Original Answer from Digital Preservation Stack Exchange by Fulup

answered Jul 23, 2014 by jeffersonbailey (380 points)
Original Comments from Digital Preservation Stack Exchange:

- Christian Pietsch: Thank you for answering the VM aspect of my question. Can you please elaborate on how you use the 4 separate disks you mentioned? Is there any redundancy between them locally, e.g. do you rsync one drive to another regularly or something like that?

- Fulup: We have just added disks when they become full, there is no synching between them. The first disk was about 250GB, when that filled up we added a 750-GB disk. As that too became full we added two 2TB disks and add content to them evenly. As they fill we are likely to swap the first two disks for two larger ones and migrate the content onto them. At that point, however, we might also be looking at other disk arrangements (e.g RAID).
0 votes

I work with the MetaArchive, a PLN with 20+ members distributed internationally.

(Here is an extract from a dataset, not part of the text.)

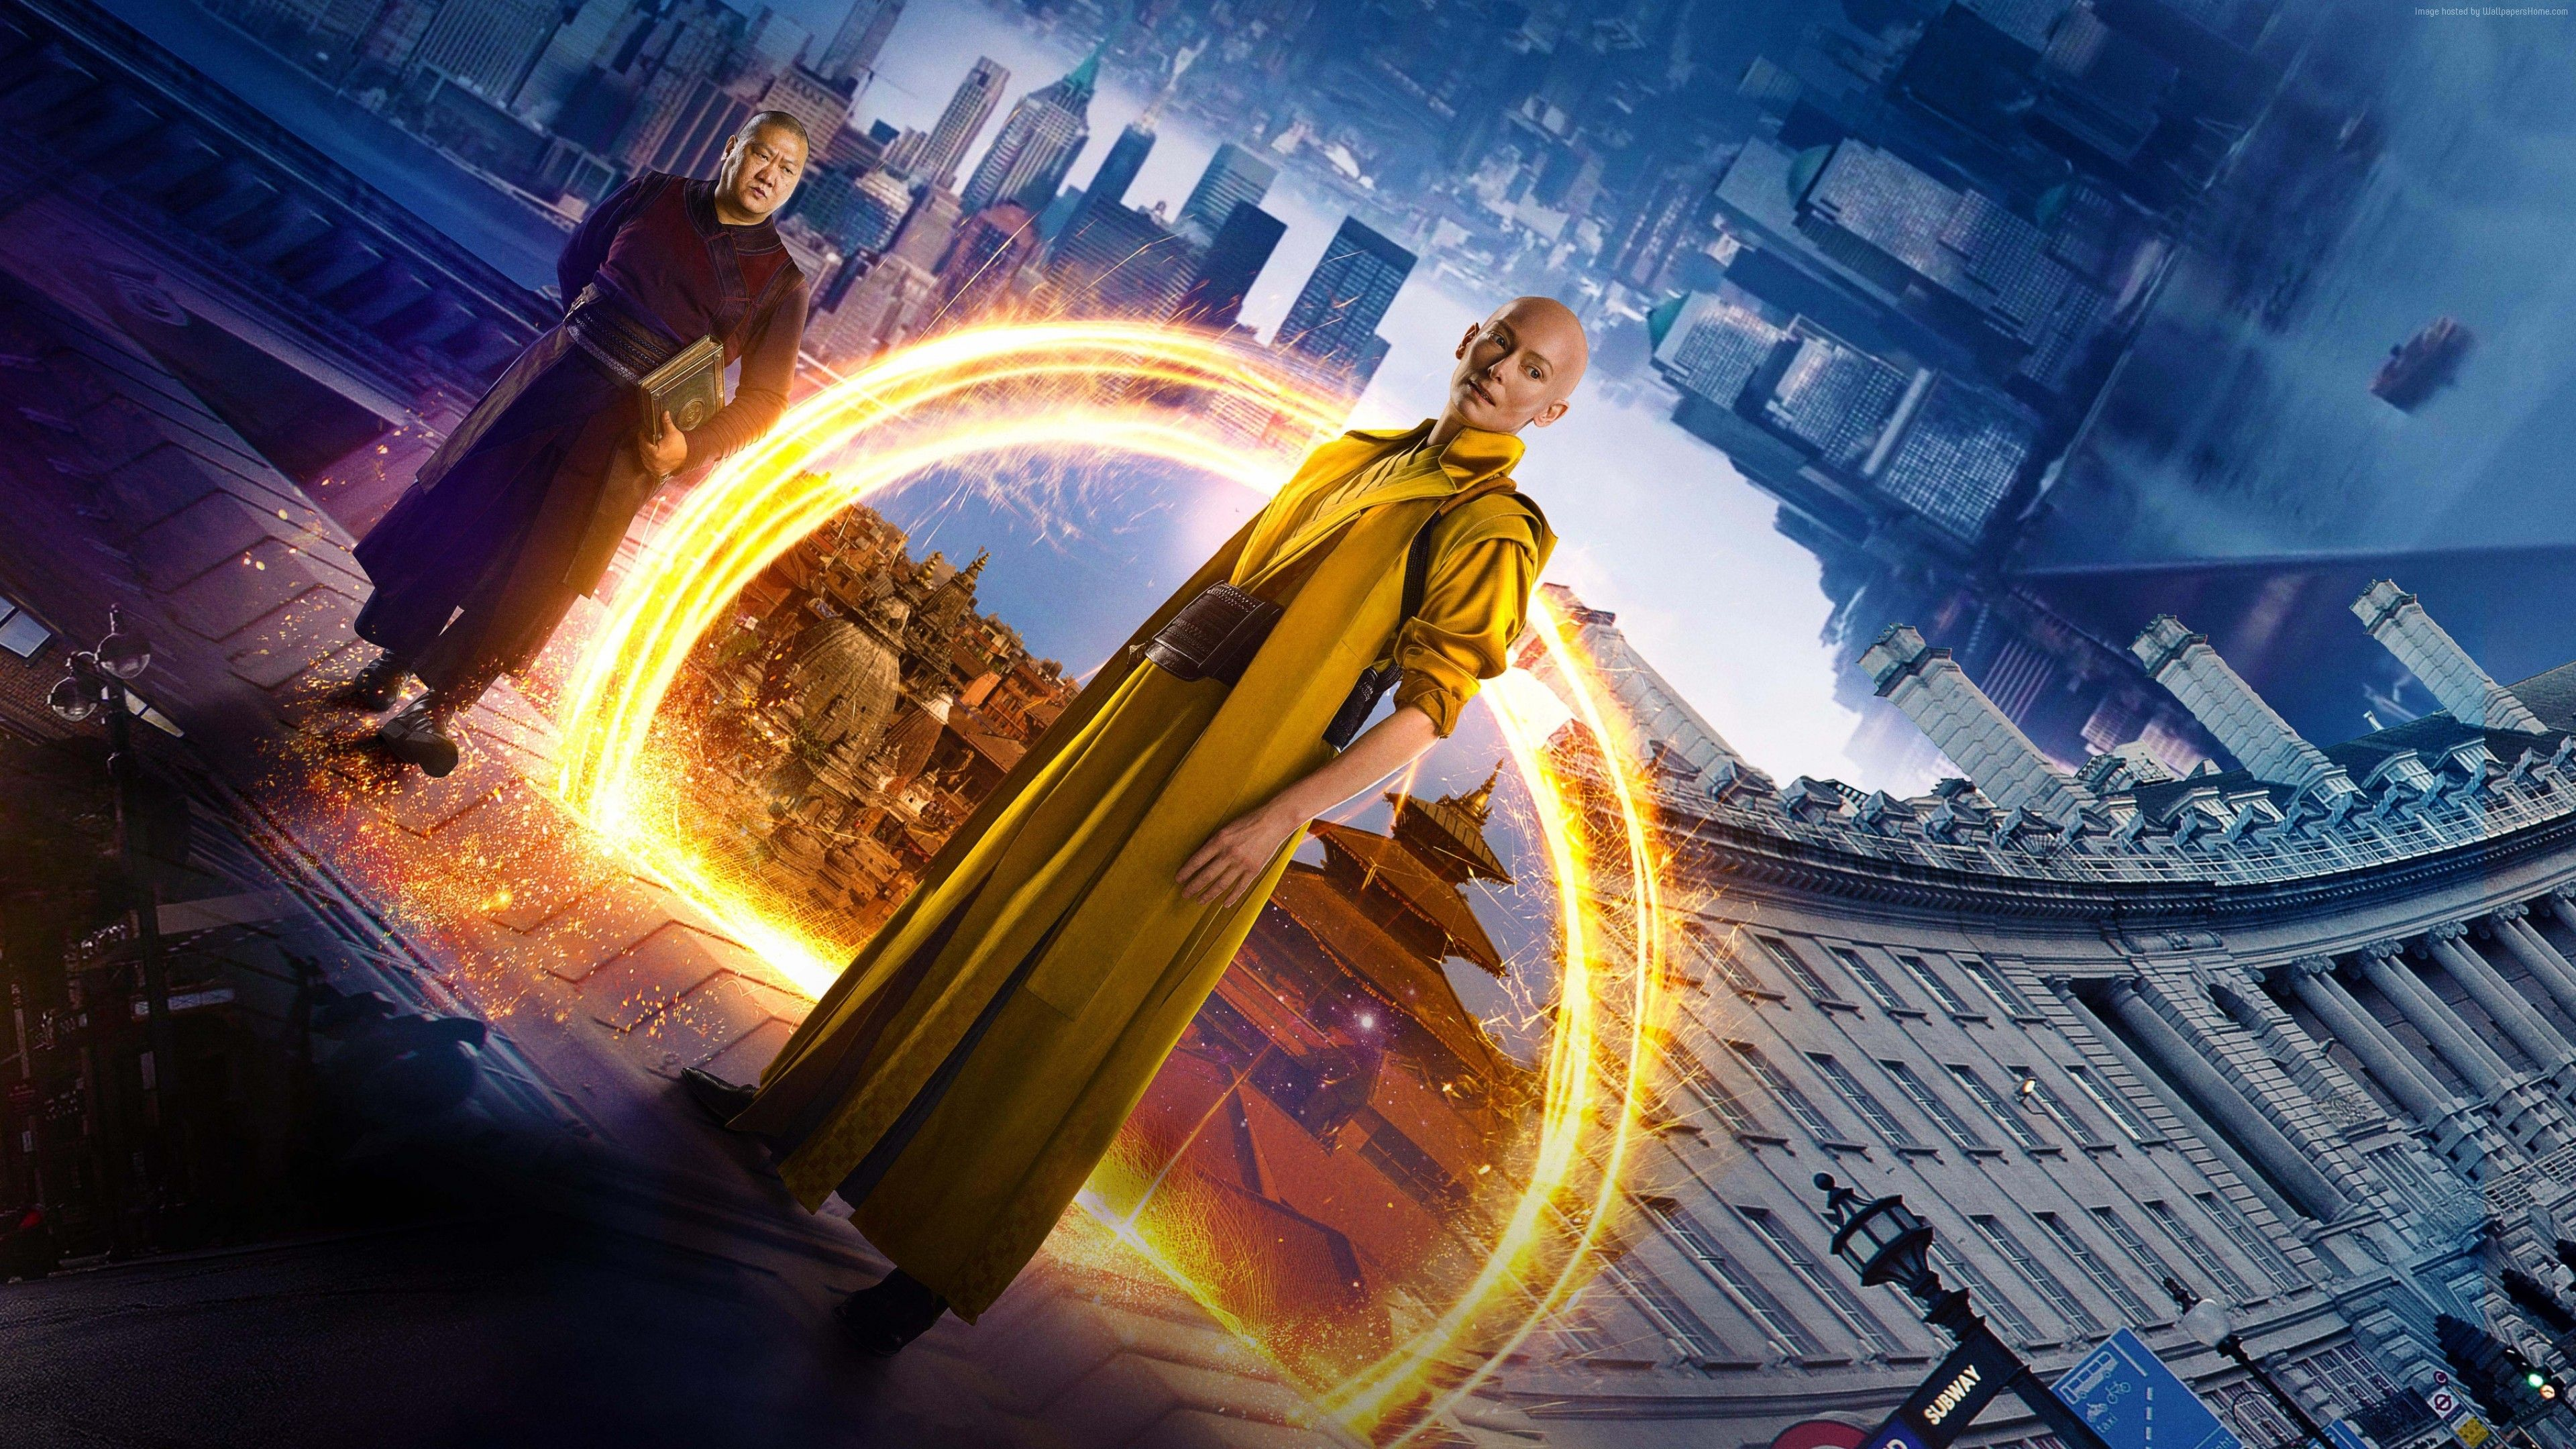 Doctor Strange Marvel Movie Wallpapers Widescreen Cinema: Tilda Swinton The Ancient One Doctor Strange HD Wallpaper

RAID is not a perfect solution. A bad controller can destroy data on a drive. Another problem is the write hole phenomenon in certain configurations like RAID1 and RAID5, where data being written between drives during a power failure is lost silently. And the potential of loss due to random bit flips is not completely mitigated with RAID. Even with multiple levels of parity information, a full array reconstruction can contain an error during the read/write operations. See here for an explanation of the math.

Despite all of those imperfections, RAID is still a very good tool to use for us.

  • RAID allows you to construct storage pools much larger than a single hard drive. The hard drives currently max out at 4tb. MetaArchive caches are 11-22tb. Constructing a large pool means the cache admin does not have to manage exactly where the data resides on a disk, which can become complex as collections grow over time. We can manage collections at a cache level instead of tracking Archival Unit 1 on Disk 2, Archival Unit 2 on Disk 4, etc.
  • With RAID5 and RAID6, if 1 hard drive fails, the array can be rebuilt by plugging in a new drive and using the remaining drives to reconstruct the array automatically. Since MetaArchive caches are distributed internationally, this is much cheaper than waiting for other caches to request new copies of data.

We believe we are protect from RAID's imperfections because our LOCKSS system maintains 7 copies of all content. Write hole, bit flip, and controller errors can be found and healed when LOCKSS compares those copies.

We've seen success with a variety of configurations including virtual and rack-mounted. For reference, our recommended hardware configuration for 2014 is on page 3 of this document. http://www.metaarchive.org/public/resources/charter_member/ma_2014technicalspecifications.pdf


answered Jul 23, 2014 by nkrabben (1,990 points)